Tinnitus and hyperacusis can be viewed as pathologies of loudness perception, which is the attribute of an auditory percept that can be ordered on a scale from quiet to loud. We are interested in exploring how normal loudness is encoded in the brain and how it can be modulated in normal hearing listeners. In order to better understand the mechanisms of normal loudness, tinnitus and hyperacusis, and to plan intervention studies, our laboratory recruits highly qualified people from a wide range of disciplines: we recruit and welcome graduate students with an Audiology, Neuroscience, Psychology, Music, Engineering, and Life Sciences background.

  1. Shargorodsky, J., G.C. Curhan, and W.R. Farwell, Prevalence and characteristics of tinnitus among US adults. Am J Med, 2010. 123(8): p. 711-8.
  2. Simoens, V.L. and S. Hébert, Cortisol suppression and hearing thresholds in tinnitus after low-dose dexamethasone challenge.BMC Ear Nose Throat Disord, 2012. 12: p. 4.
  3. Hébert, S., B. Canlon, and D. Hasson, Emotional Exhaustion as a Predictor of Tinnitus.

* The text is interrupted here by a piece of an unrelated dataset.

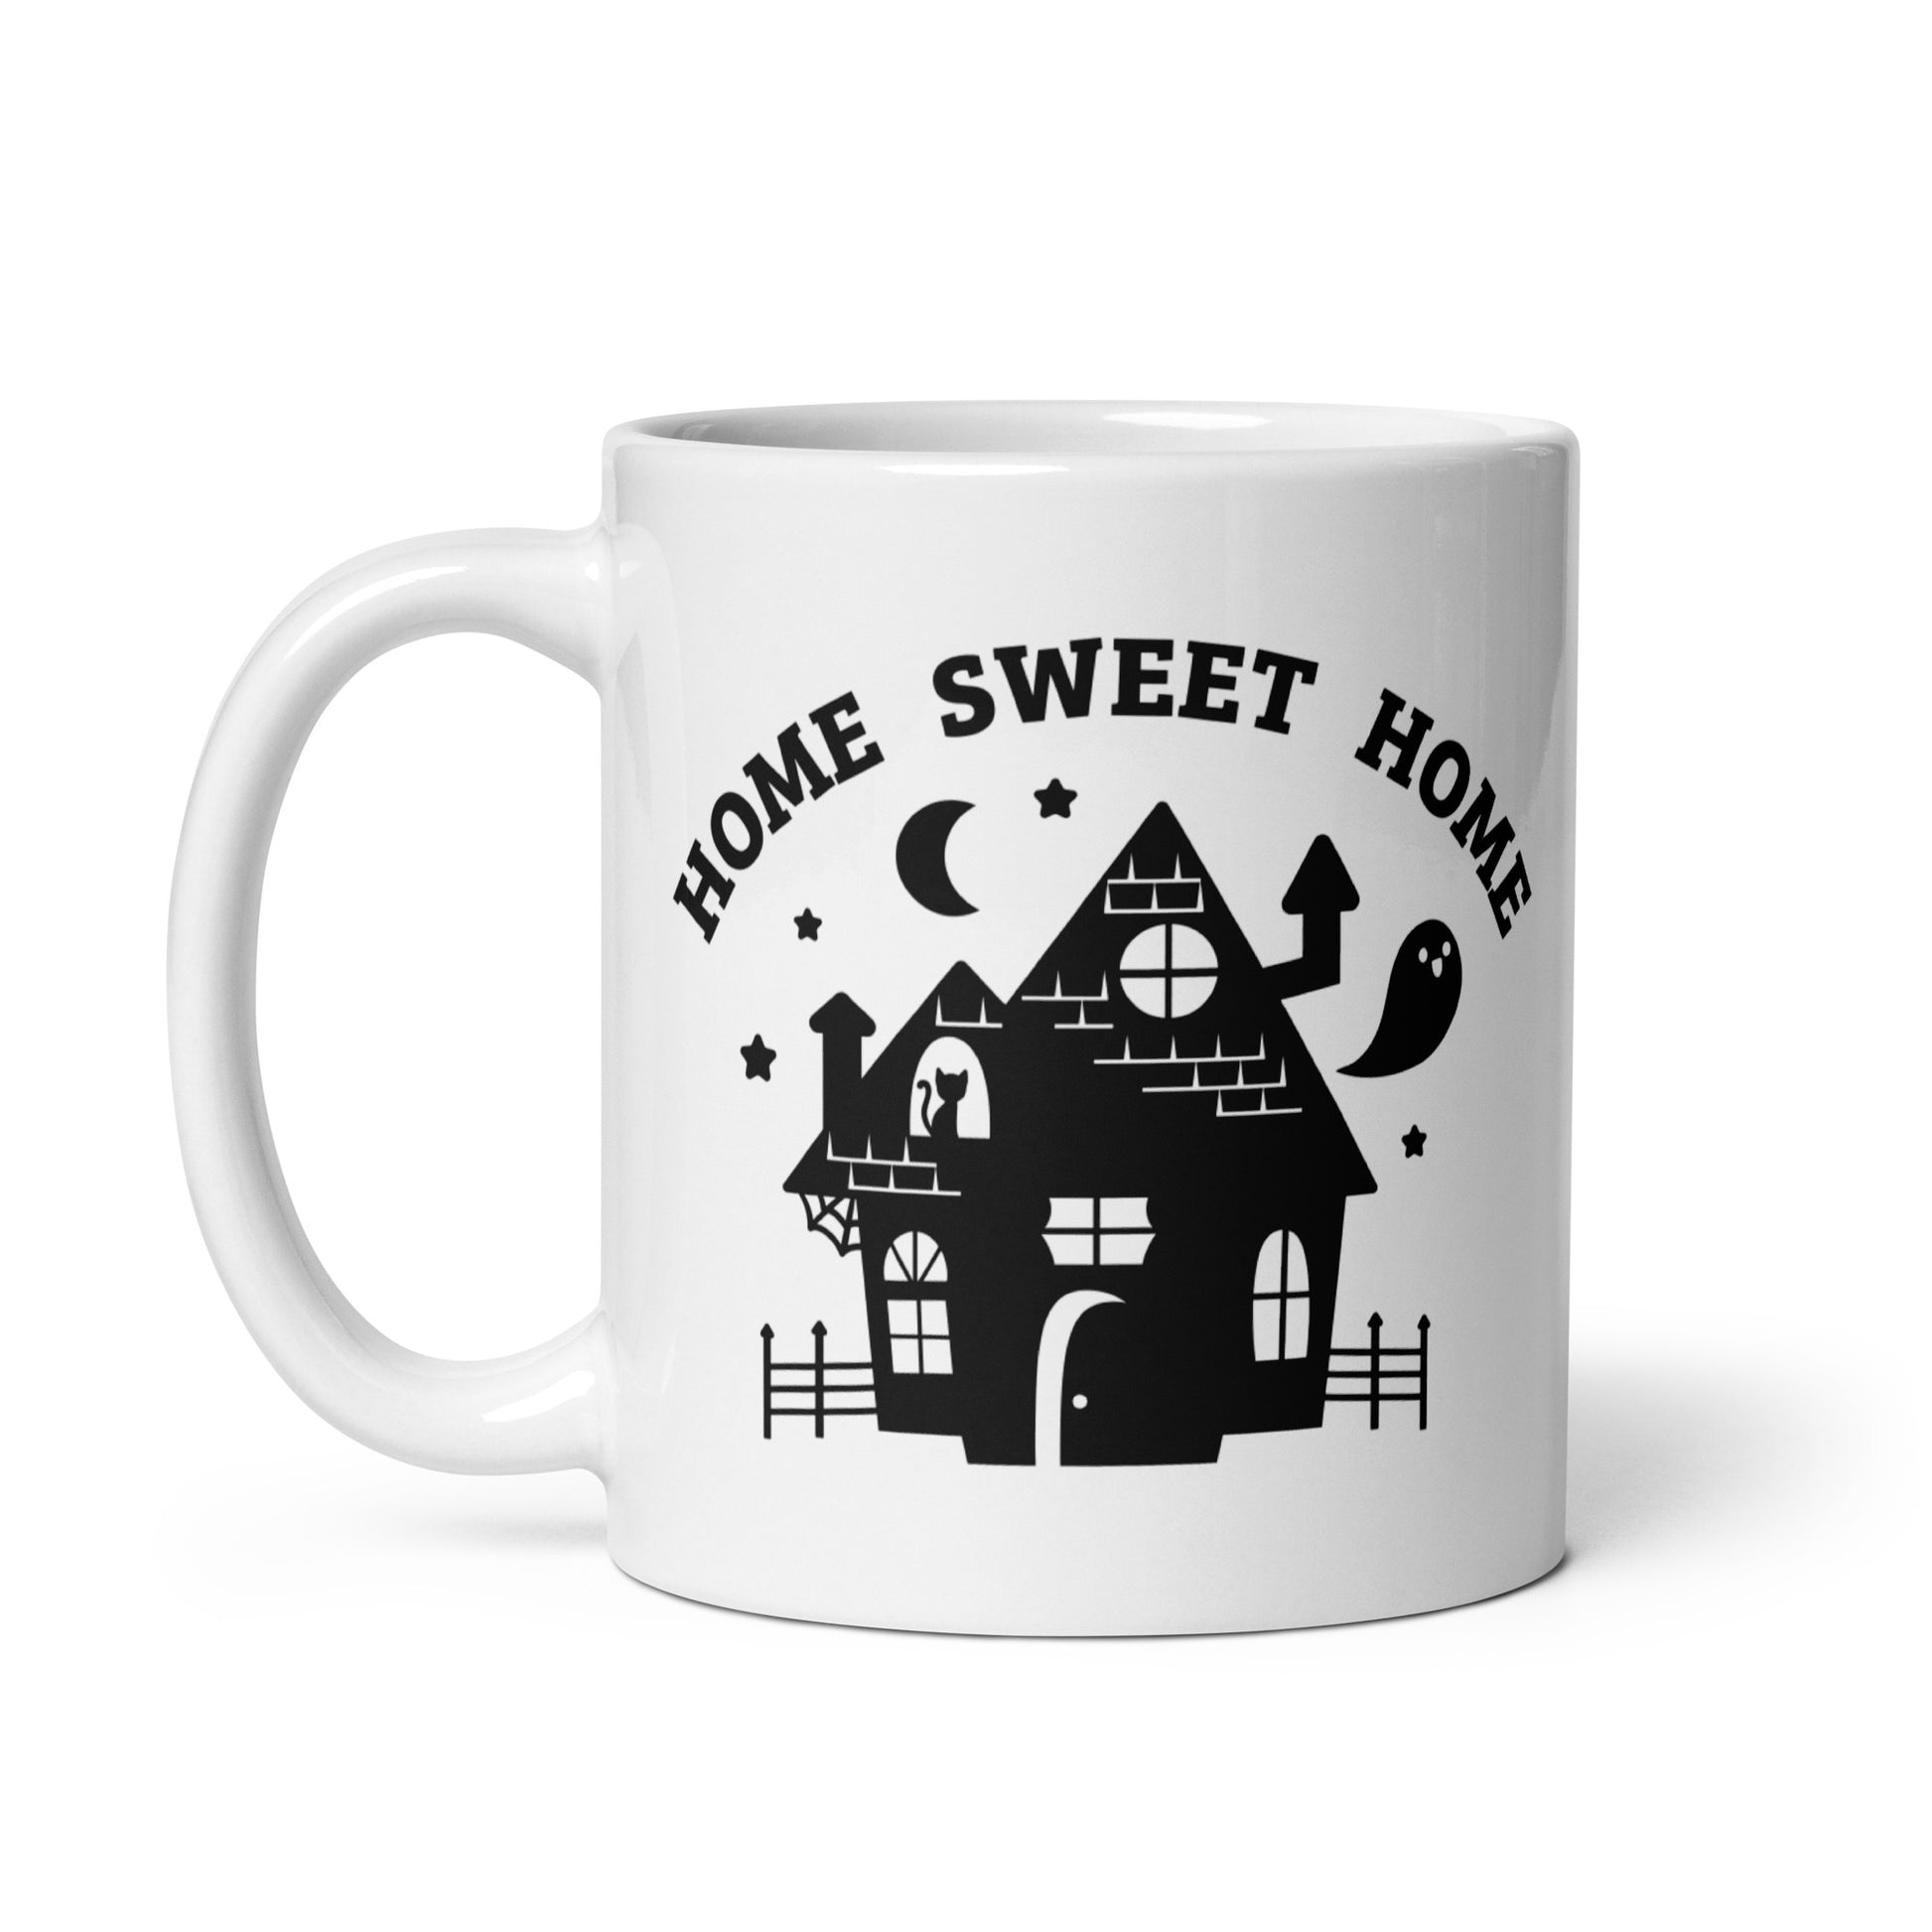 A white 11 ounce ceramic coffee mug featuring an illustration of a haunted house. Text above the house in an arc reads "Home Sweet Home"

Psychother Psychosom, 2012. 81(5): p. 324-326.
  4. Hébert, S., S. Fullum, and J. Carrier, Polysomnographic and quantitative electroencephalographic correlates of subjective sleep complaints in chronic tinnitus. J Sleep Res, 2011. 20(1 Pt 1): p. 38-44.
  5. Hébert, S. and J. Carrier, Sleep Complaints in Elderly Tinnitus Patients: A Controlled Study. Ear Hear, 2007. 28(5): p. 649-655.